I am a reader by heart, but sometimes, something happens to me where I am unable to read more than a short article, here and there. It took me years to understand that there was actually a pattern: every time I'd read something stunning, my mind couldn't let it go. It was as if I could not read anything else for a time, out of respect for the book. I know, I know, it sounds crazy, especially when we're talking about fiction. But, sometimes, there is something about the subject matter, or the brilliance of the writing, that I simply can not let go. I used to be irritated by this, because I'd WANT to read, but couldn't. Later, I came to see this as blessing, because it meant I'd read something really fantastic. When I've been lucky, I've gone for a year, reading only a couple of books, meaning they were all incredible.

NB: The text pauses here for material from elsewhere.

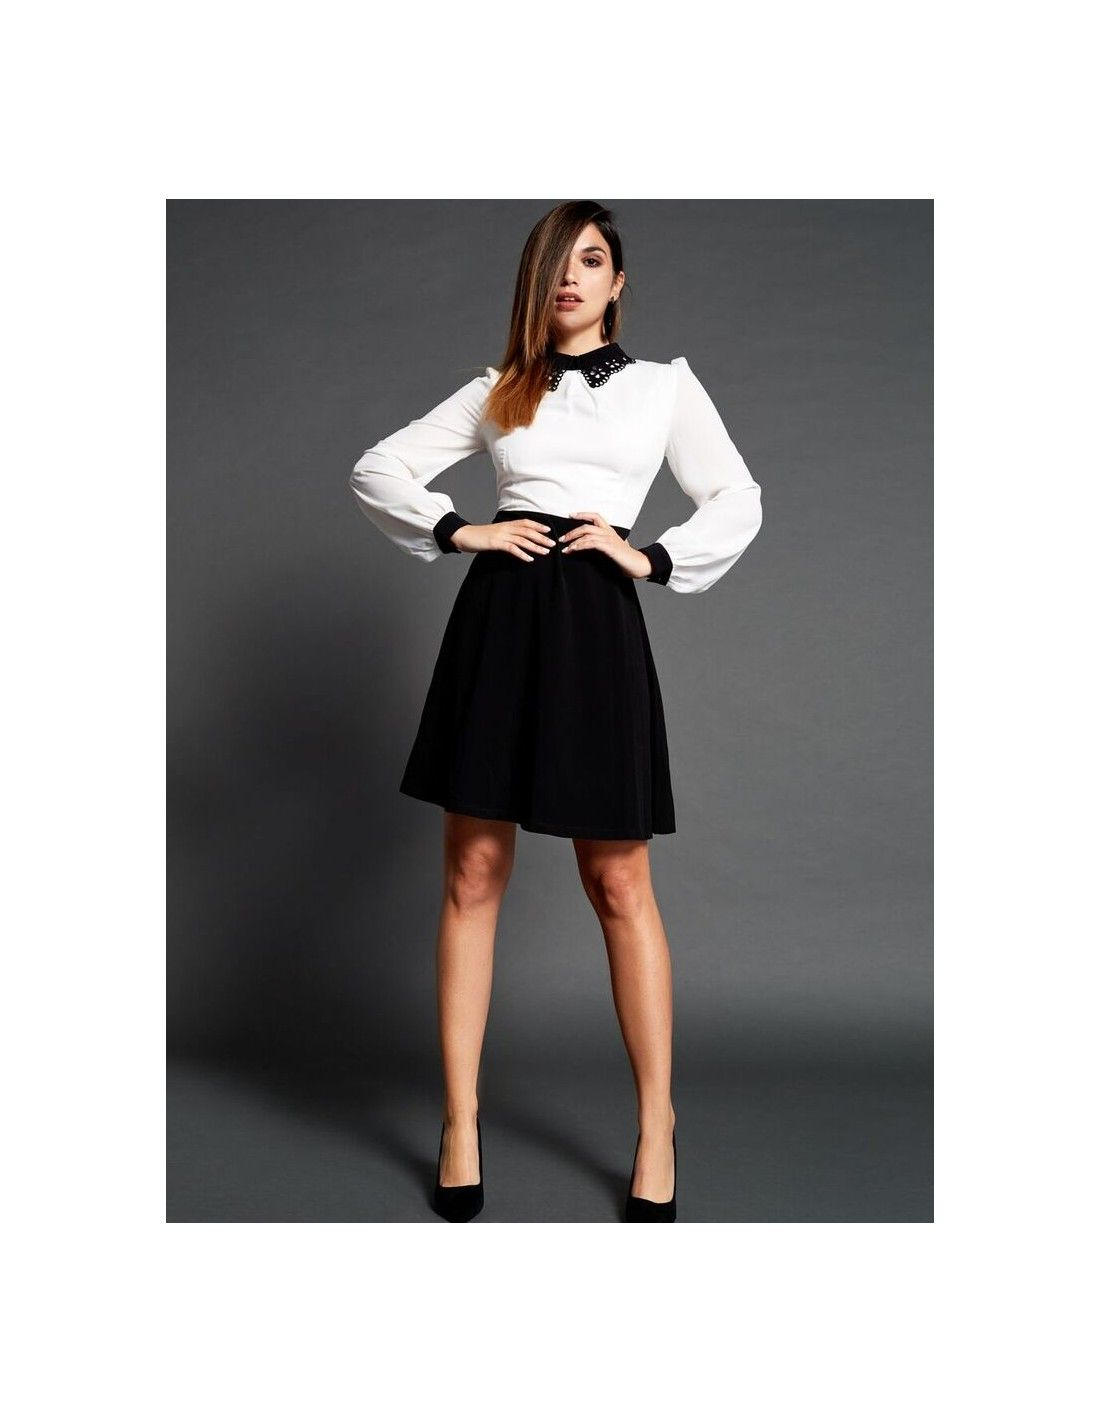 Vestido Malabo - Vestido bicolor en blanco y negro. Detalle de cuello en  negro troquelado aa24b2b4cd56

The last time this happened to me, I'd read Margaret Atwood's Year of the Flood over Christmas in 2009, and I haven't read much since. Last Tuesday, I walked into a bookstore I'd never been in before, and a store clerk took one look at me, ran up to me holding a book and said "oh my GOD, YOU HAVE to read this book!" He went on to give a summary of the story, and for some reason, it did not feel like a sales pitch. It turns out he was right: I did need to read this book. Having read this story, I can feel that it will occupy my thoughts for some time, and that it will be awhile before I'll step into another book store.

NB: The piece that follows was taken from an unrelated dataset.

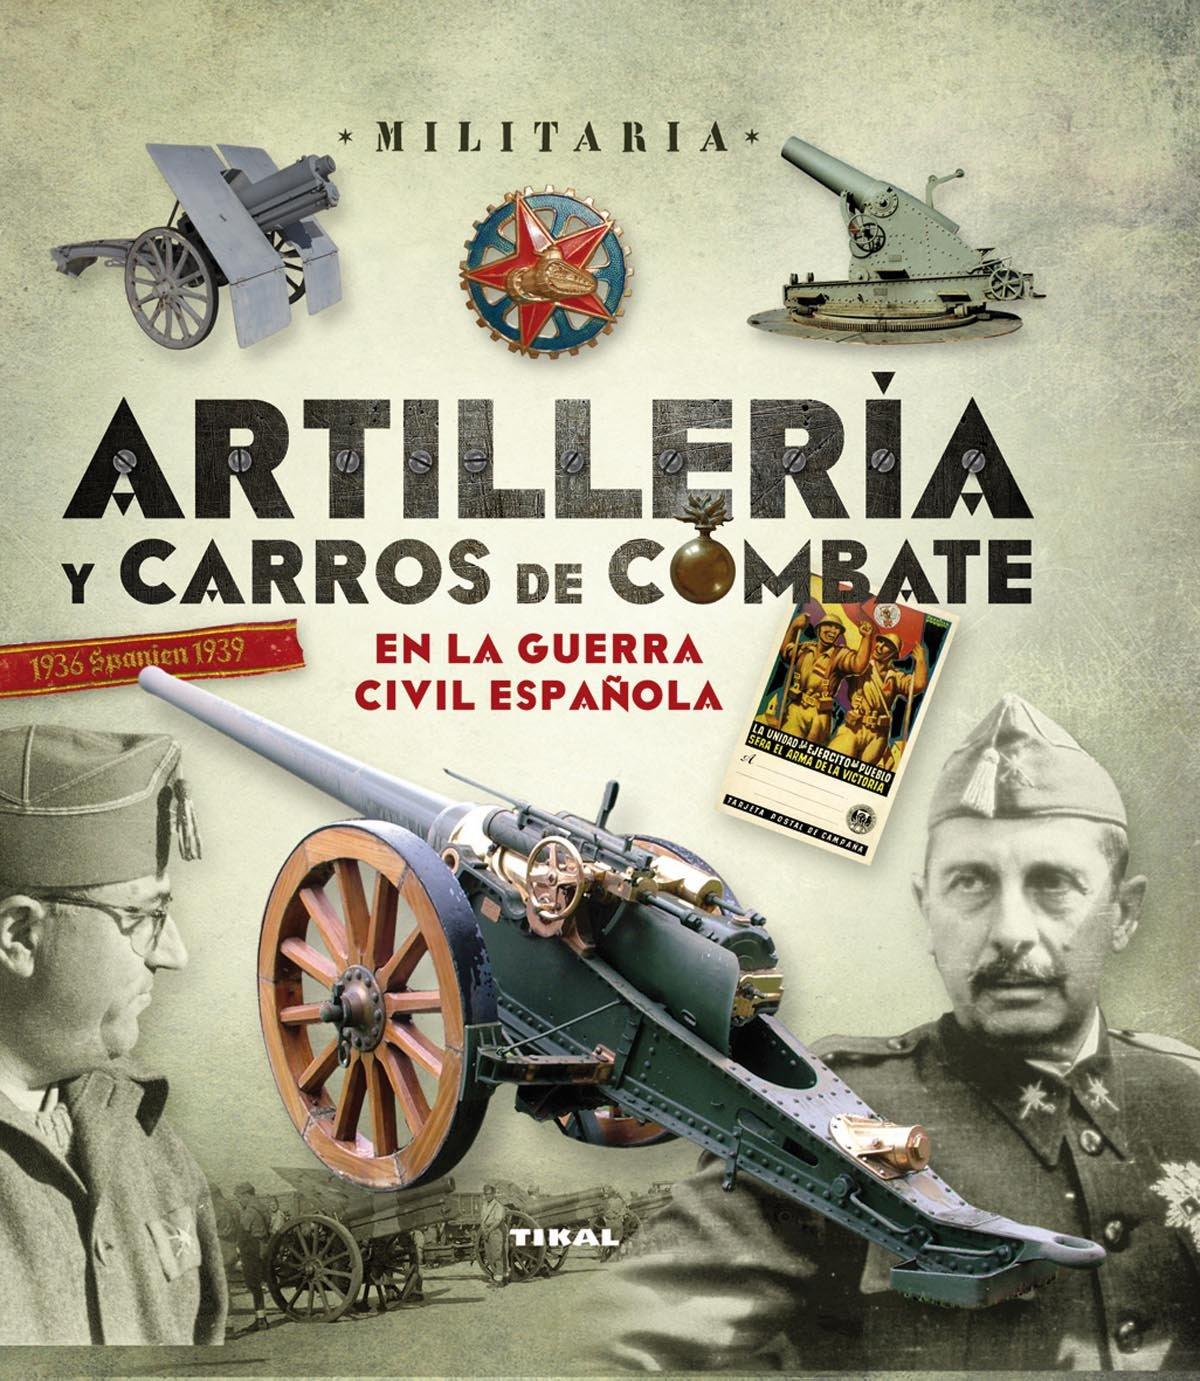 Artillería y carros de combate en la guerra civil española ...

In 1951, a woman Henrietta Lacks was diagnosed with cervical cancer. Without her knowledge and consent, tissue was extracted from the tumor growing on her cervix. To the shock of the researchers in the hospital where she was treated, the cells from this tissue not only lived outside the body, but they thrived, and they reproduced themselves at an astounding rate, never seen before. Bought and sold over time, Henrietta Lacks cells continue to be the dominant cell strain used in all forms of tissue research around the world. Her cells helped develop the polio vaccine, went into space several times, and were instrumental in research which revealed how the HPV virus causes cervical cancer. In this manner, Mrs. Lacks lives on, probably in most of us, 60 years after her death.

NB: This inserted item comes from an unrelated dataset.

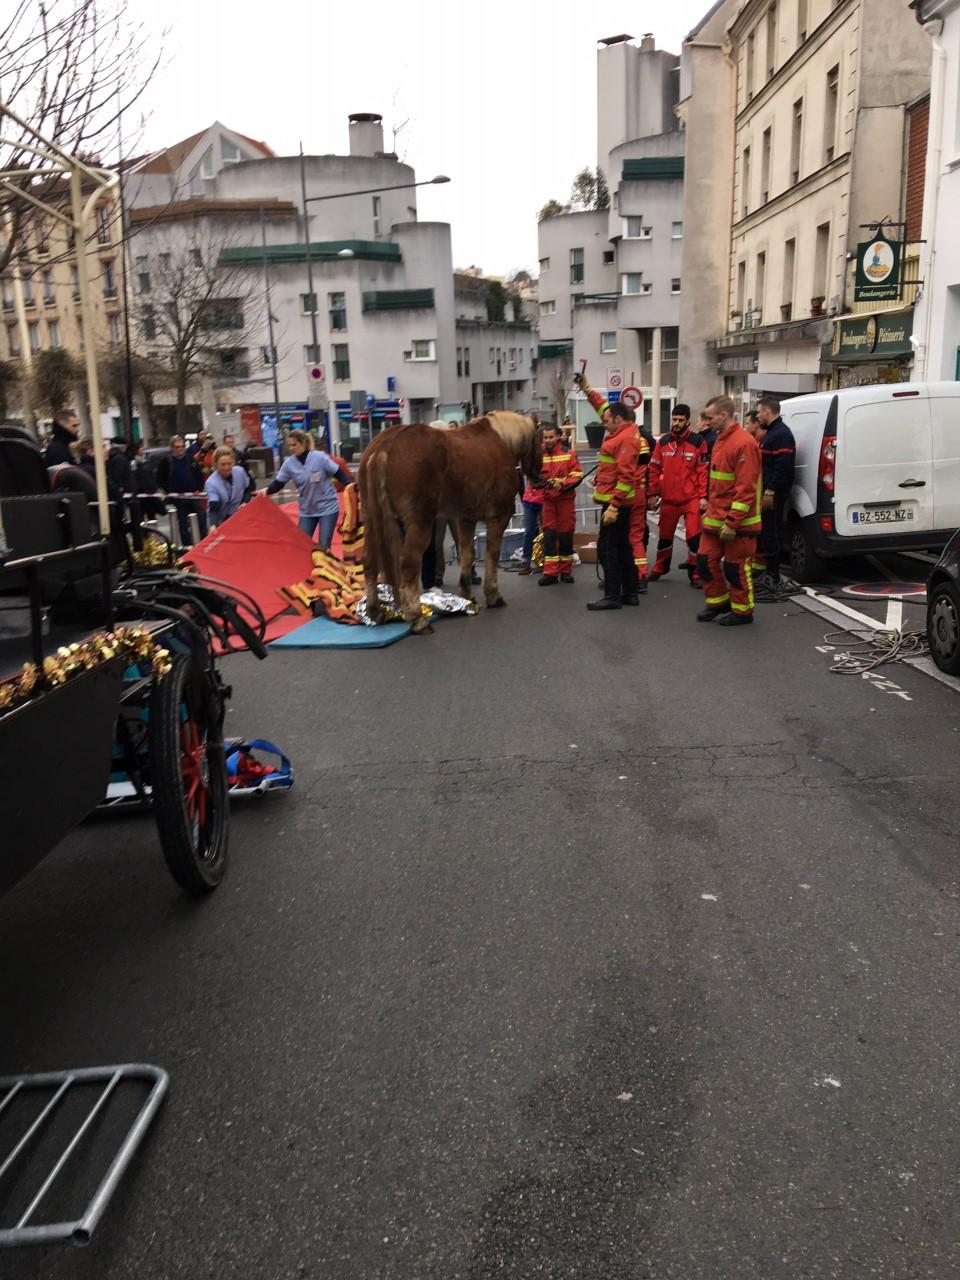 Gentilly, Noël 2019. Le cheval se relève après un malaise. Crédit photo. F. Rousset. La Femme Qui Marche

The marvel of this story comes to an abrupt end when we consider that no one ever asked Henrietta, or her family, following her death, if they wanted her cells to live on and be utilized in countless experiments. They weren't even TOLD that this was happening, and they found out 20 years later, purely by accident. And certainly no one ever asked if they felt entitled to remuneration resulting from the commercialization of her cells. In fact, the Lacks family continues to face financial challenges in their lives, and can not even afford health insurance. This is but one of many indicators that the modern world was built on the backs of those considered inferior in some way.
Following decades of watching personal details of their mother's life and illness parade across the media, and of being preyed upon by various journalists, and in one case, a con artist, the Lacks family entrusted their story to journalist Rebecca Skloot. Ten years in the making, Skloot's obviously careful and extensive research, as well as the relationships she built with the Lacks family form the foundation of a book that reads like a novel you can't put down, all the while recounting the facts of this incredible story, interwoven with Skloot's reimagining of pivotal points in Henrietta's life which were recounted to her by the family.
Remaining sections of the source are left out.